A service account from project A needs to read a BigQuery dataset in project B. The service account is granted roles/bigquery.dataViewer at the project B level. Yet the access is denied. What additional step is needed?
Dataset ACL can override project-level roles, requiring explicit grant.
Why this answer
D is correct because BigQuery datasets use Access Control Lists (ACLs) in addition to IAM policies. Even though the service account has the roles/bigquery.dataViewer IAM role at the project B level, this role grants access to list datasets and read metadata, but does not automatically grant access to the actual data within a dataset. The dataset's ACL must explicitly include the service account to allow reading the tables and views.

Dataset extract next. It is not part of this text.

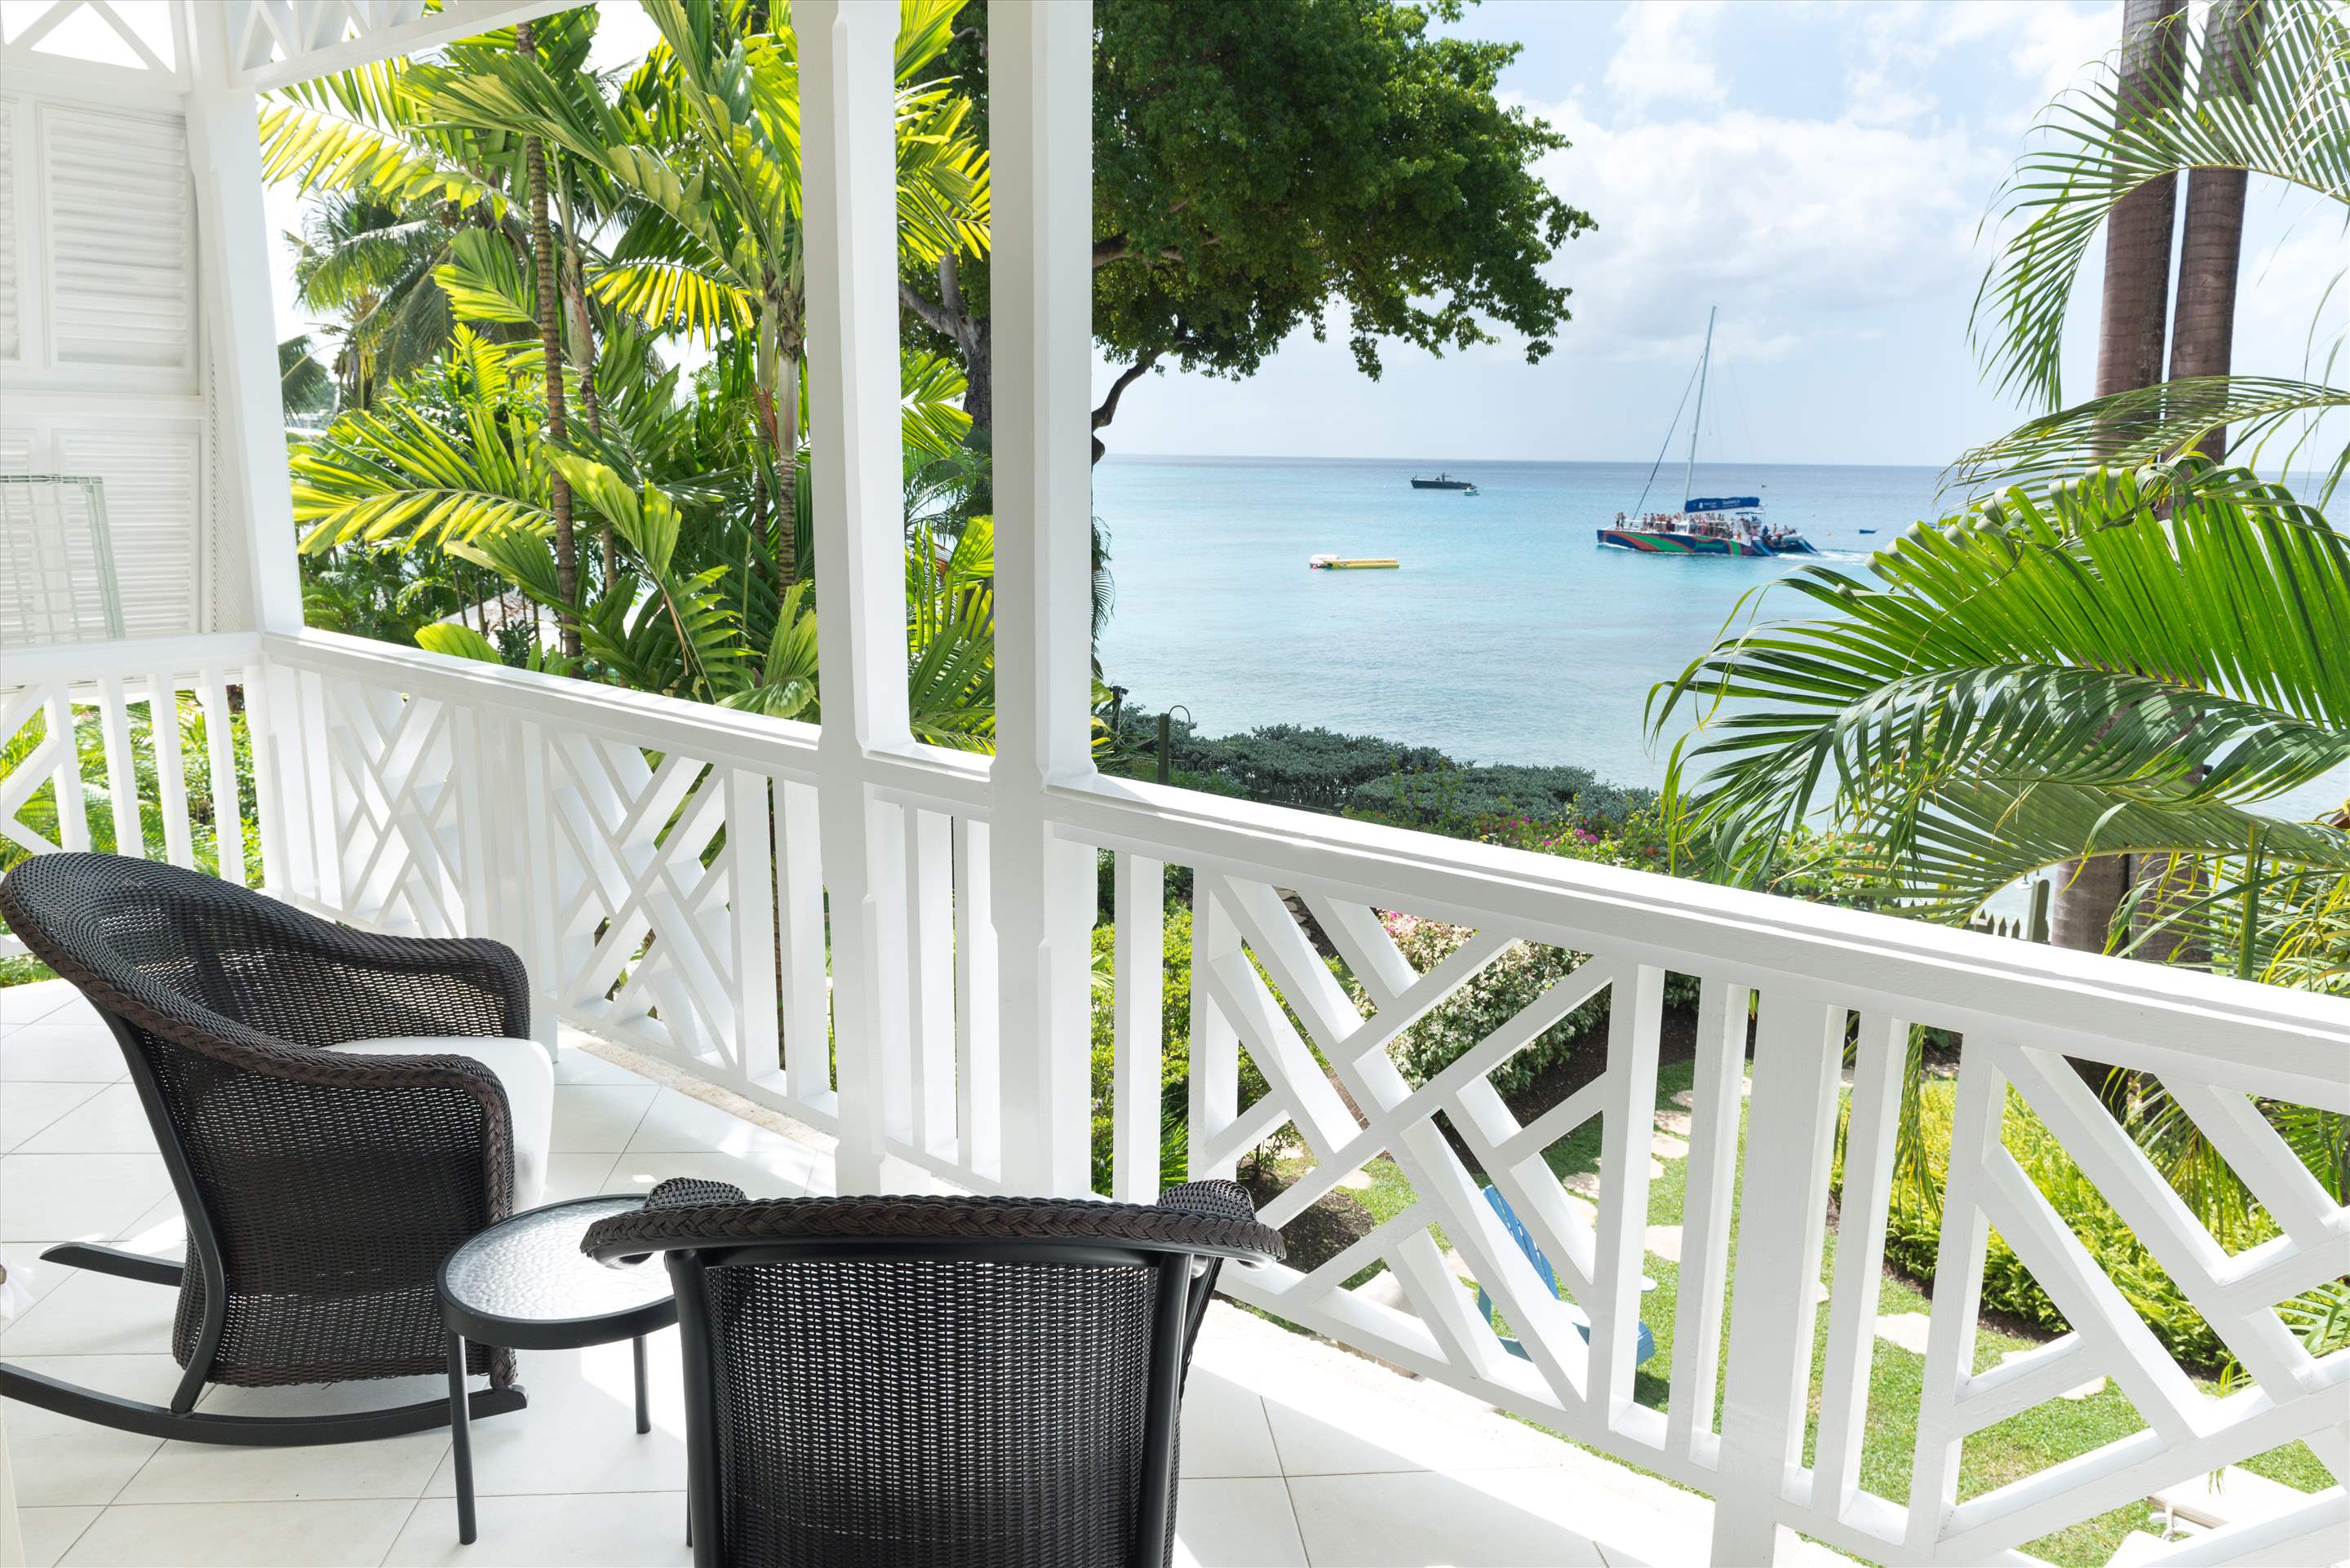 Chanel no.5, 3 bedroom villa in St. James & West Coast, Barbados Photo #2

This is a common requirement when cross-project access is needed, as IAM roles at the project level do not propagate to dataset-level ACLs unless the dataset is configured to inherit permissions.
Exam trap
Google Cloud often tests the misconception that IAM roles at the project level are sufficient for cross-project data access, when in fact BigQuery datasets require explicit ACL entries for the service account to read data.

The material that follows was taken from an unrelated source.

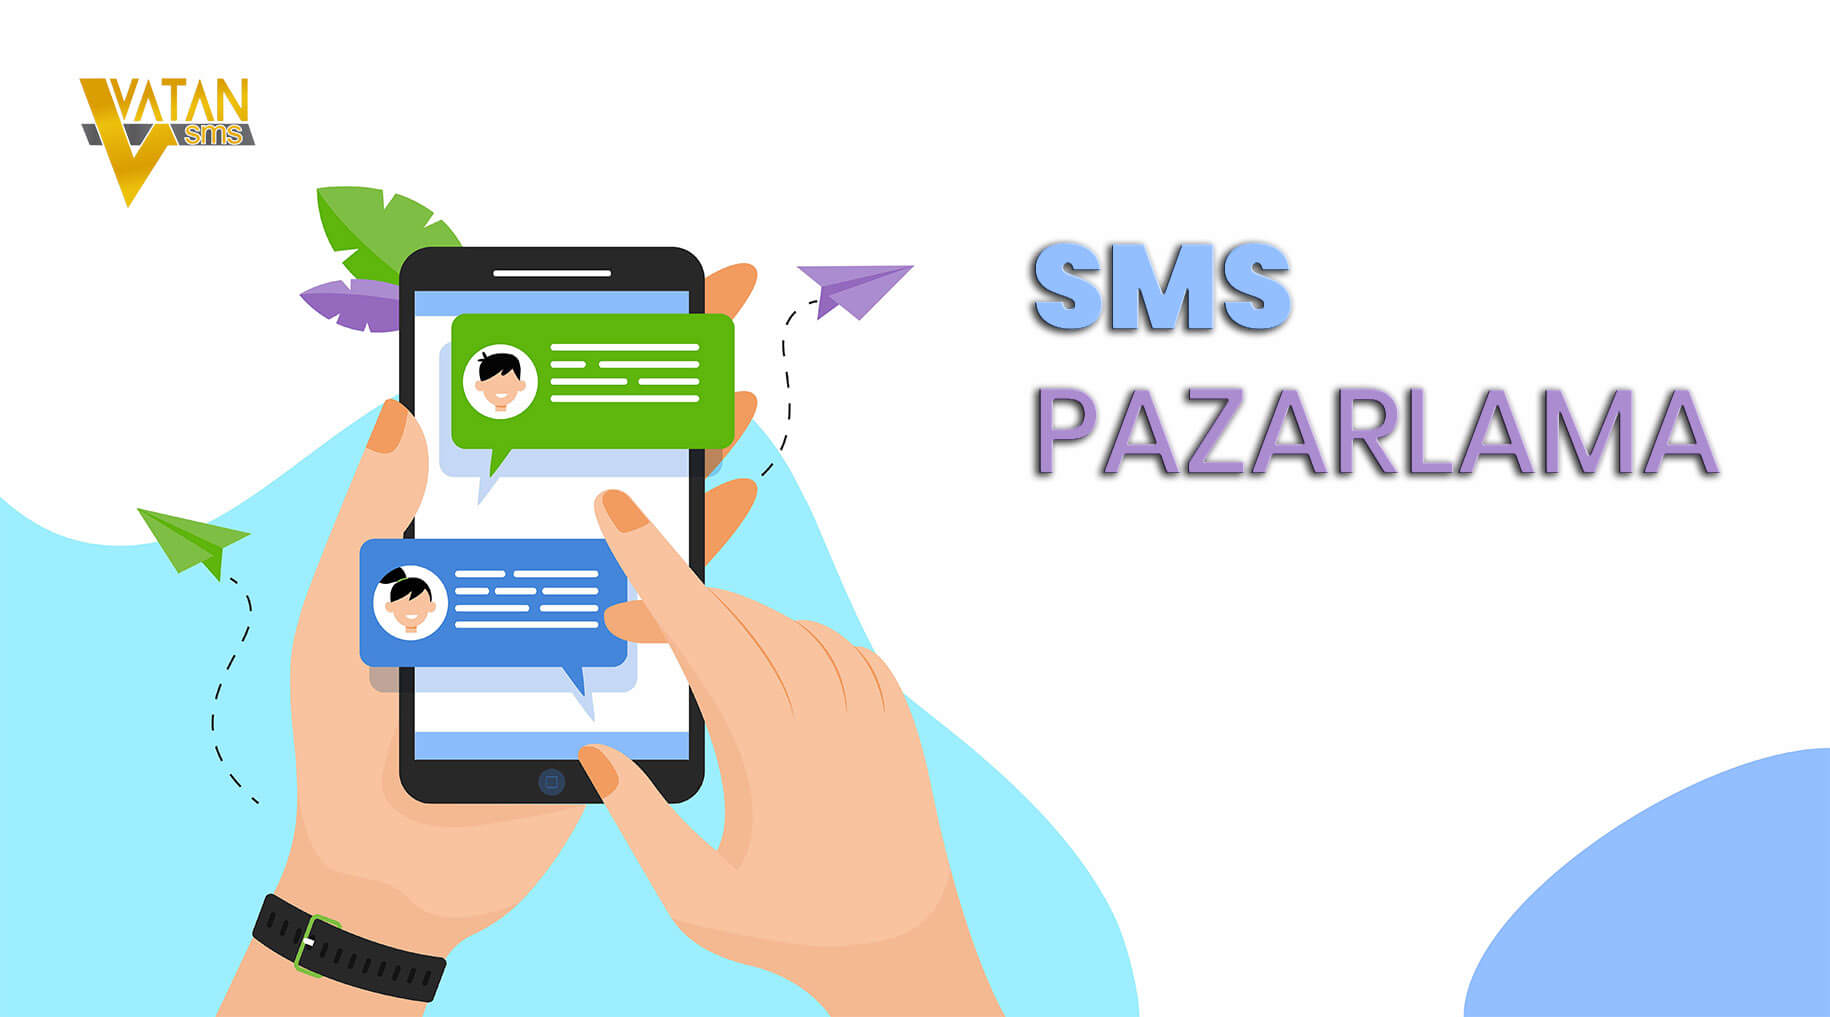 SMS Pazarlama width=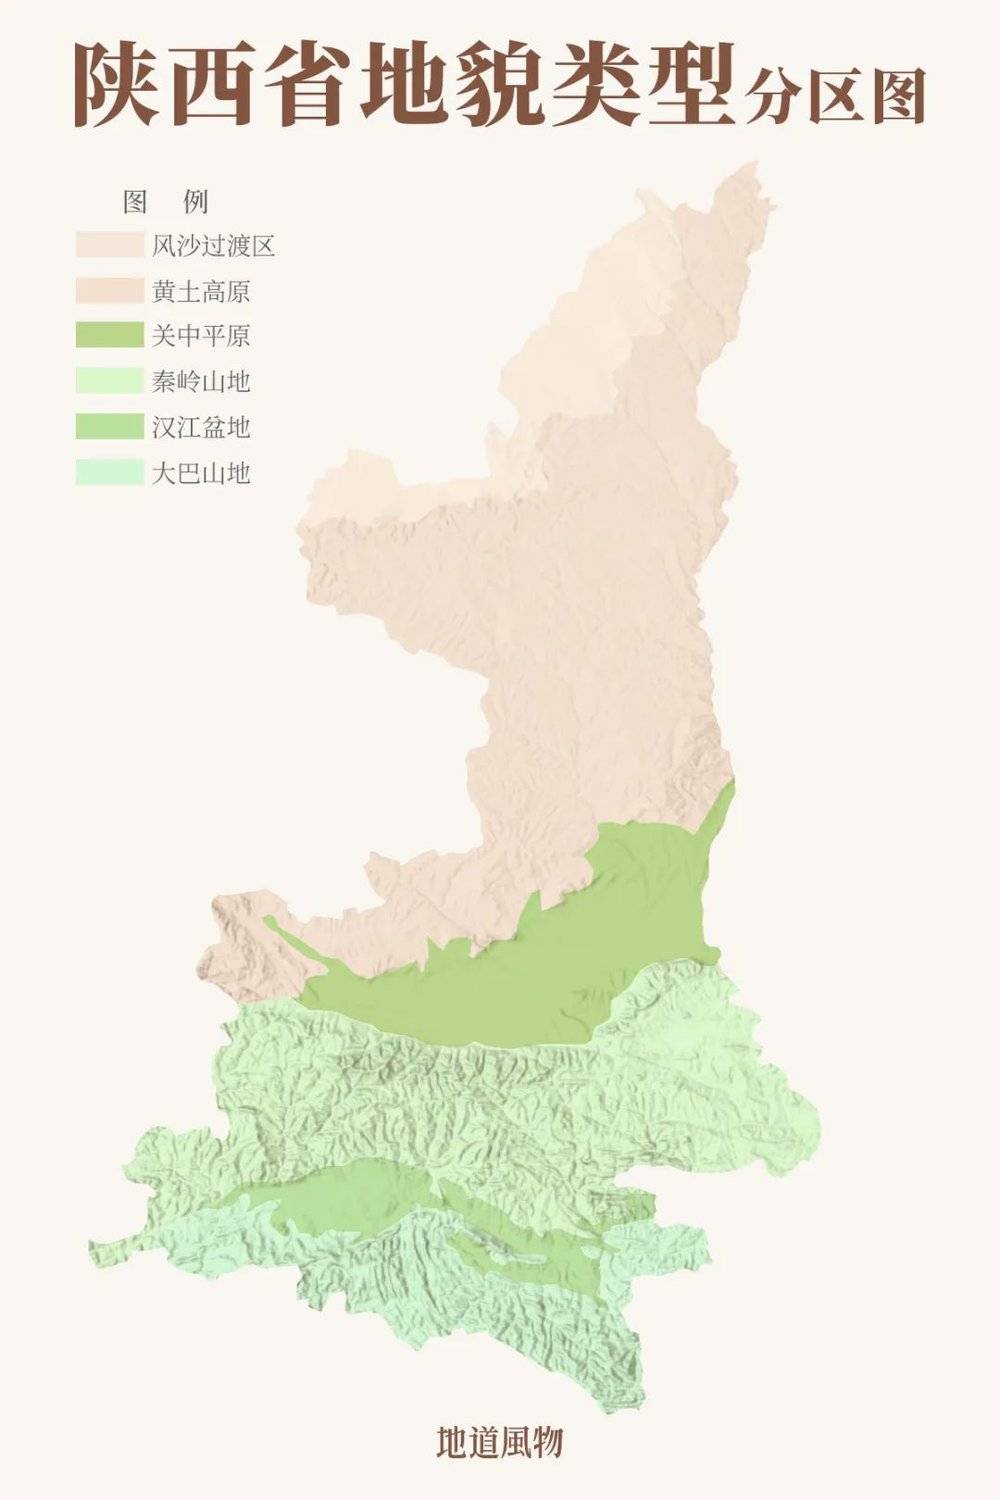 陕西省地貌类型分区图，南北差异巨大。制图/孙璐

How to eliminate wrong answers
Option A is wrong because enabling the BigQuery API on project A is not required for the service account to read data in project B; the API must be enabled on the project where the dataset resides (project B), and it is likely already enabled. Option B is wrong because roles/bigquery.jobUser on project A grants permission to run jobs (e.g., queries) in project A, but does not grant read access to the dataset in project B; the service account needs data access in project B, not job execution rights in project A. Option C is wrong because roles/bigquery.user on project B allows listing datasets and running jobs, but does not grant read access to the actual data in the dataset; it is a higher-level role that still requires dataset-level ACLs for data access.